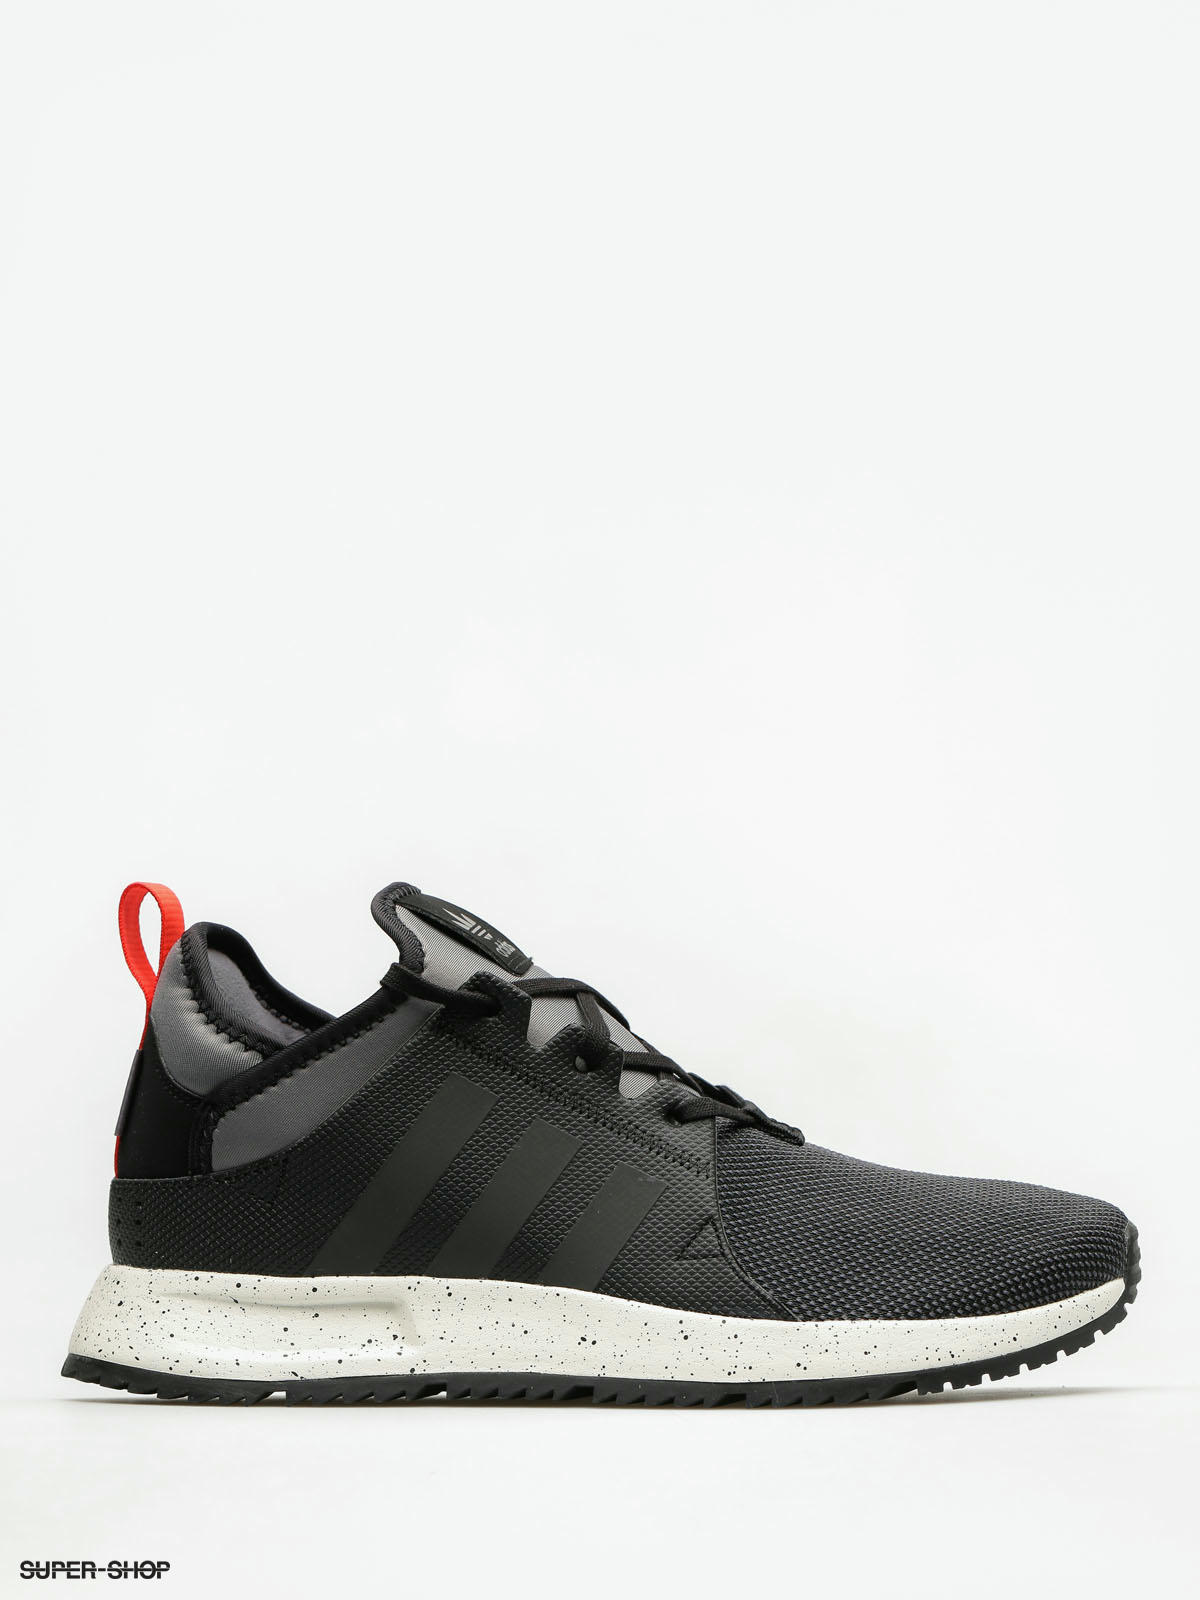 adidas X Plr Sneakerboot (cblack/cblack/grefiv)
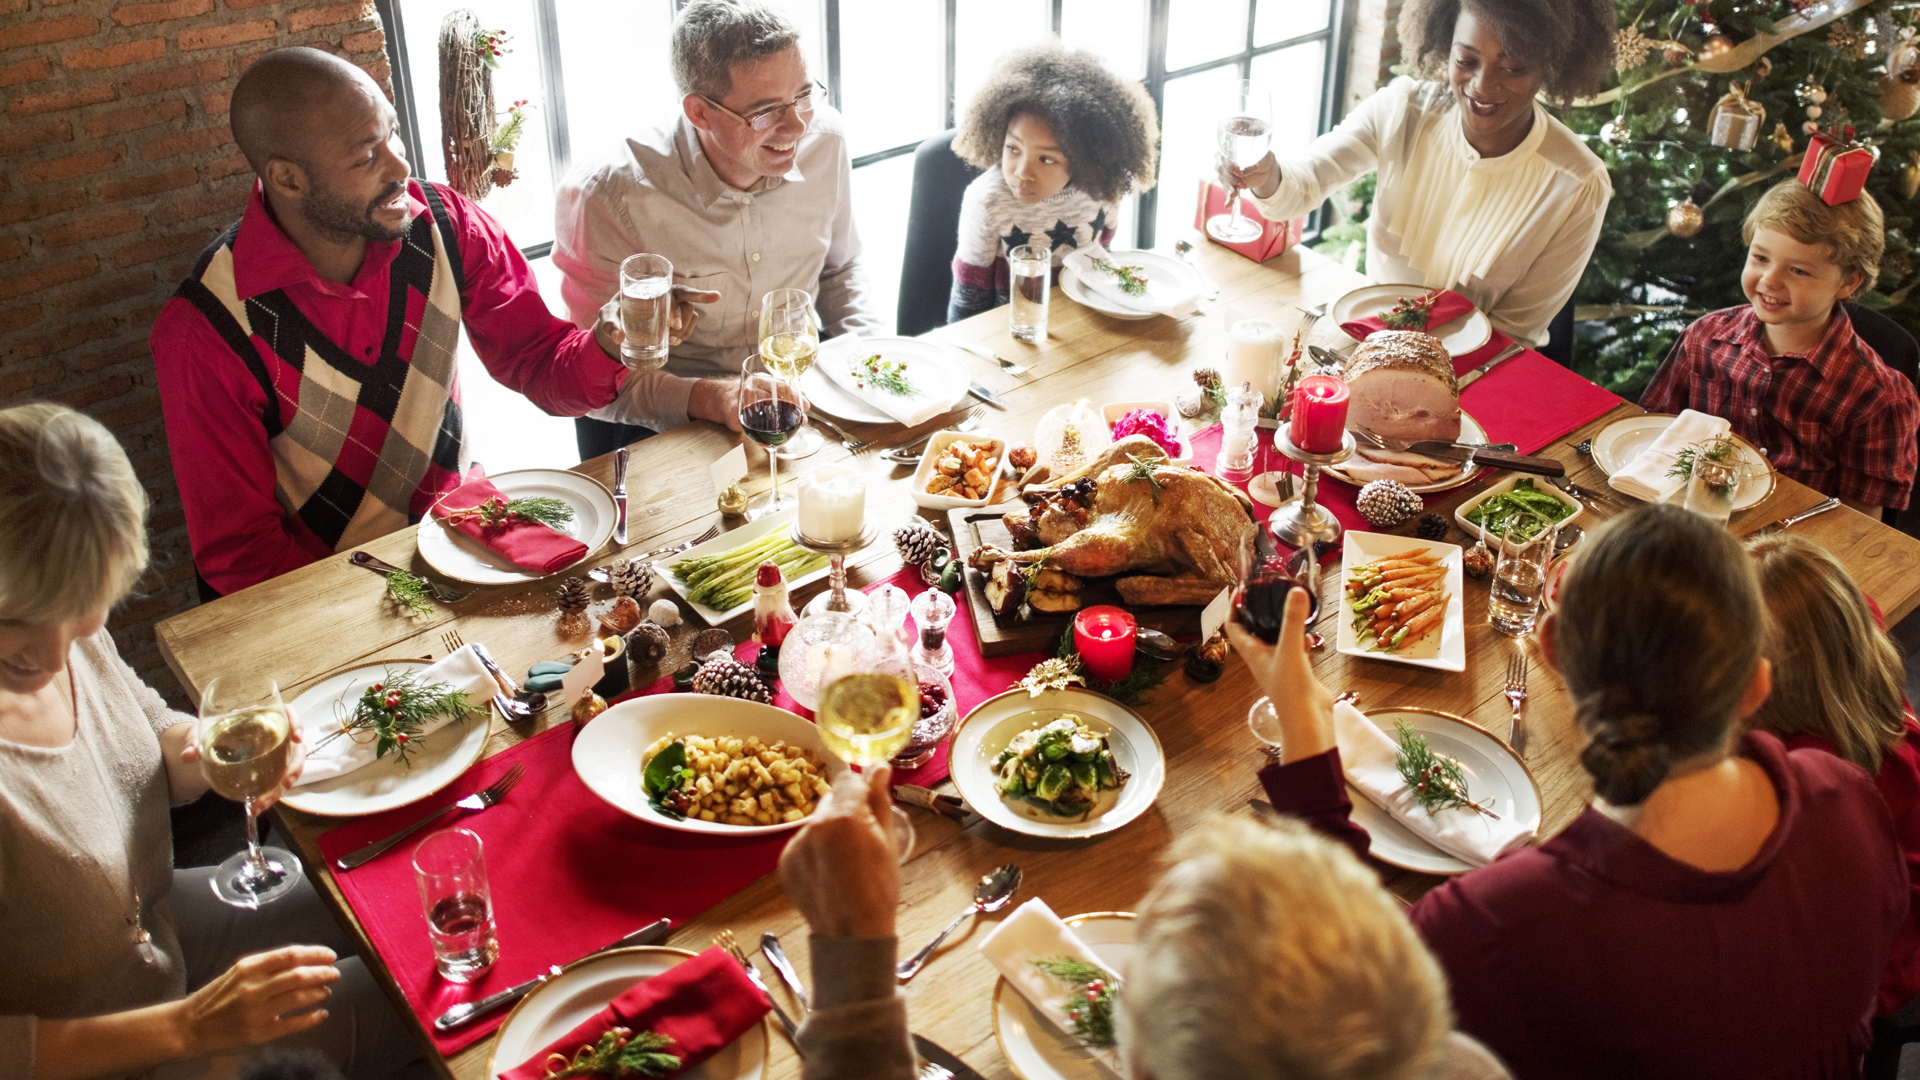 Gledelig julebord med variert julemat og vin i hjemmekoselige omgivelser.
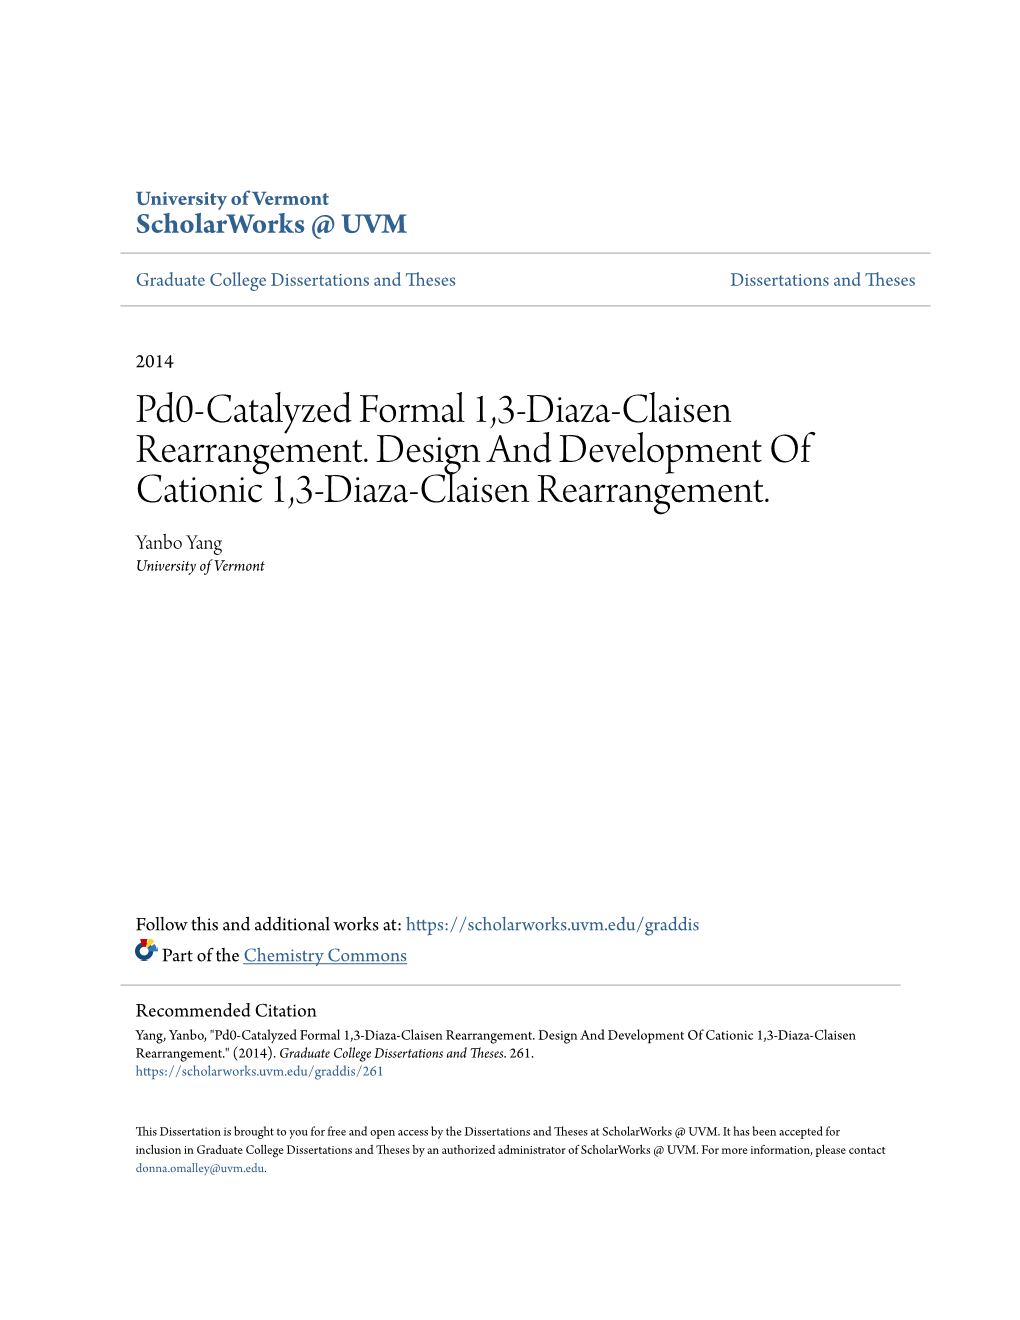 Pd0-Catalyzed Formal 1,3-Diaza-Claisen Rearrangement

=-=-=

### Problem requirements
When a line carries an image, skip the image and repeat everything else above exactly as written.

### The answer
 adidas X Plr Sneakerboot (cblack/cblack/grefiv)
 Gledelig julebord med variert julemat og vin i hjemmekoselige omgivelser.
 Pd0-Catalyzed Formal 1,3-Diaza-Claisen Rearrangement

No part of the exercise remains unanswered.